Иван вскочил, поспешил к телефону — тот висел на стене в общей комнате, возле секретарского стола. Взял трубку, поднес к уху, прокричал:
— Алё-о! Председатель Великолесского сельского совета Дорошка слушает.
В трубке сухо кашлянули, и по этому кашлянью Иван узнал — звонит первый секретарь райкома партии Роман Платонович Боговик. Сам, как его звали в районе.
— Ну как ты? — послышался из трубки знакомый голос.
— Да как всегда — живем, работаем, — бодро ответил Иван.
— Зазнался, не звонишь, ничего мне не рассказываешь, таиться стал. — Роман Платонович снова добродушно кашлянул, прочистил голос.
— Хотел бы что-нибудь утаить, так нечего.
— Нечего, говоришь? А соль? Что там у тебя возле магазина было?
Иван прикусил губу — в самом деле, почему было не позвонить Роману Платоновичу, не рассказать обо всем, не посоветоваться? «Просто не подумал!»
– Чего молчишь? Решил, не скажешь — так до нас, в Ельники, и не дойдет? Э, не-эт, брат, слухами земля полнится. Видишь, дошло. Что, улеглось? Не стоят люди с мешками у магазина?
— Нет, не стоят. Цыгане, можно сказать, свинью подложили.
— Какие цыгане?
— Да проезжали тут. Войну пророчили.
— Еще один минус тебе как руководителю, что не позвонил. Если вам цыгане войну, как ты говоришь, пророчили, так и в другом месте могли то же самое напророчить. А это уже агитация. Понимаешь, агитация! — чуть ли не по слогам повторил последнее слово Роман Платонович.
— Не подумал об этом, — признался Иван.
— Не подумал, говоришь? А голова для чего? Ты же руководитель. Не узнаю тебя, Иван Николаевич, не узнаю. Хромать ты что-то начал. И не на одну ногу, а сразу на обе.
— Почему на обе? — не мог не спросить Иван Дорошка: как-никак, а с Романом Платоновичей они вместе работали — и довольно долго — в Гудове на заводе, были почти друзьями.
— А на работу к себе в сельсовет ты кого взял?
Мысль Романа Платоновича Иван, как ему показалось, уловил, потому ответил довольно спокойно, даже вроде с усмешкой:
— Понимаю, Роман Платонович. Да, он пока еще не член партии. Но мы в ближайшее время примем его в кандидаты.
Произнося это, Иван смотрел на Харченю.
— Что-о?.. А дядька его?.. Забыл, что ли?
Только теперь до Ивана дошел намек Романа Платоновича: дядька Ананаса Харчени… Гм, где сейчас тот дядька, никто ни в районе, ни в деревне сказать не может. Был — и нет его…
— Так это ж дядька, — тихо, глухо, совсем уже другим голосом дохнул в трубку Иван Дорошка, чувствуя, как занялось вдруг жаром лицо, забилось, зашлось в груди сердце. — Да вы же, Роман Платонович, знаете эту историю…

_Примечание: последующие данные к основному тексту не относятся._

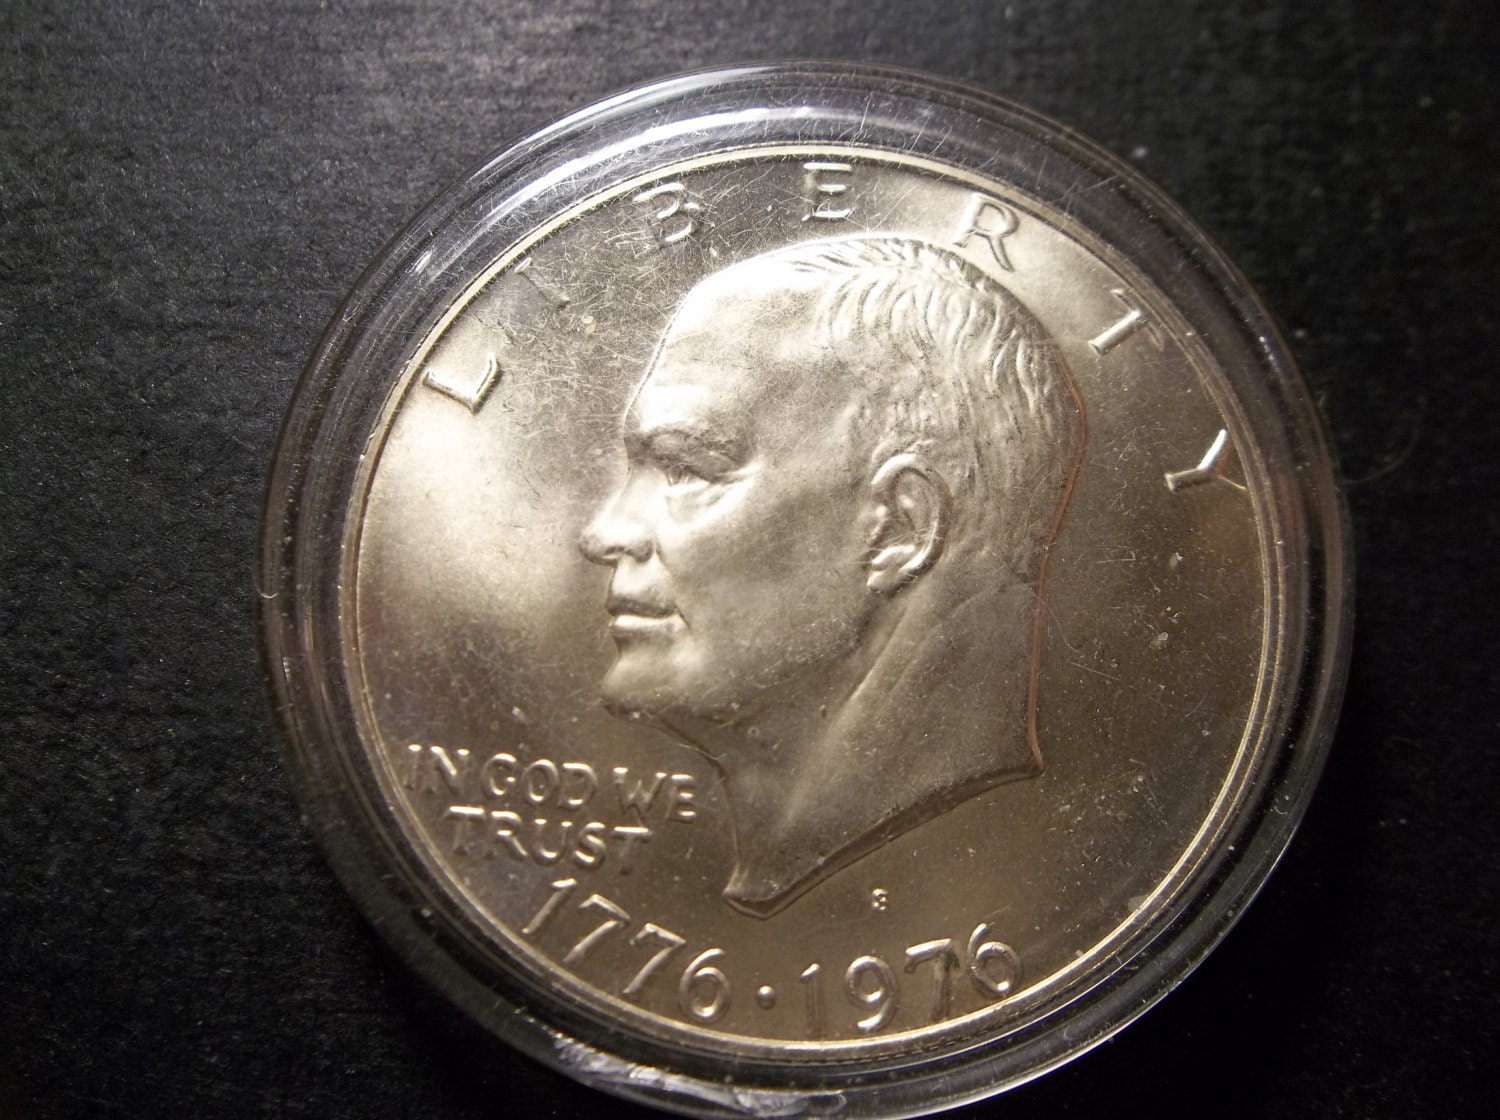 1972 40% silver ike dollar value

— Потому и говорю, — мягко оборвал Ивана Боговик. — Прежде чем сделать что-нибудь — подумай. И звони, советуйся, если что-нибудь такое возникает. Ты же, поди, не на необитаемом острове. Это одно.
И второе: завтра в твой сельсовет лектор приедет. Международник. Из Минска, из столицы, кандидат наук. Собери людей, пускай послушают, что на свете деется. А то дожили… Цыгане какие-то ездят, слухи распускают. А мы… Молчим, даже секретарю райкома не докладываем.
— Виноват, — пробормотал Иван.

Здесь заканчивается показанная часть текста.